Figure 2. Impact of MRD status on the estimated PFS at EOT+12*
EOT+12, 12 months after end of treatment; dMRD, detectable minimal residual disease; uMRD, undetectable minimal residual disease.
*Data from Munir et al.
The PFS rates at EOT+12 also remained high in patients with unmutated immunoglobulin heavy-chain variable region (uIGHV) receiving ibrutinib + venetoclax, independent of MRD status in bone marrow (BM). Whereas PFS rates were lower and dependent on MRD status in the chlorambucil + obinutuzumab arm.
The 30-month PFS rates were similar regardless of whether the best tumor response was a complete response or partial response in the ibrutinib + venetoclax arm. In comparison, the 30-month PFS rate was lower in patients with a partial response vs complete response in the chlorambucil + obinutuzumab arm.

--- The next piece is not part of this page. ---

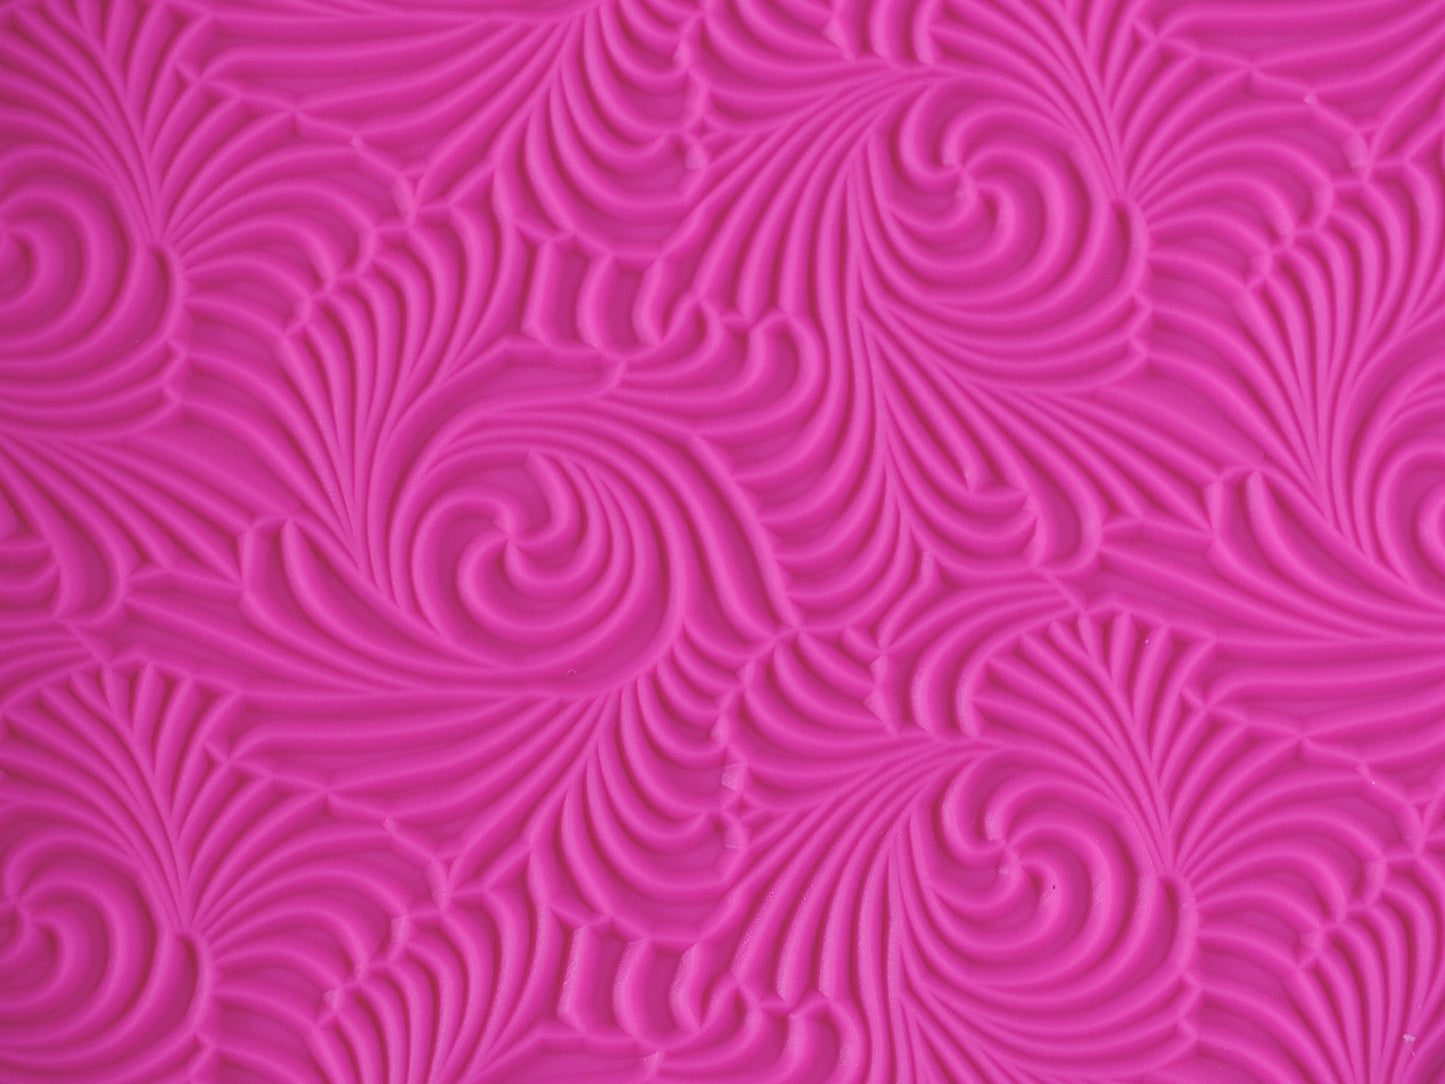 A close up view of the texture on the pink swirl mat.

One patient in the chlorambucil + obinutuzumab arm was diagnosed with new serious treatment-emergent adverse events. Otherwise, no major changes in safety were noted at a median follow-up of 34.1 months compared with the primary analysis (27.7 months). The number of patients with a second primary malignancy during the study increased from 7.5% to 9.4% in the ibrutinib + venetoclax arm, and from 9.5% to 11.4% in the chlorambucil + obinutuzumab arm.
No association between MRD and PFS was found in this analysis by Munir et al, with PFS rates remaining high 12 months after the end of treatment with ibrutinib + venetoclax irrespective of MRD status. The results from this study also conclude that older and frail patients with CLL who receive ibrutinib + venetoclax are less likely to progress clinically during the first year of post-treatment regardless of their MRD and IGHV status, compared with chlorambucil + obinutuzumab.
The lack of association between MRD status and PFS outcomes at 12 months after treatment is a novel finding and requires further research to confirm these findings.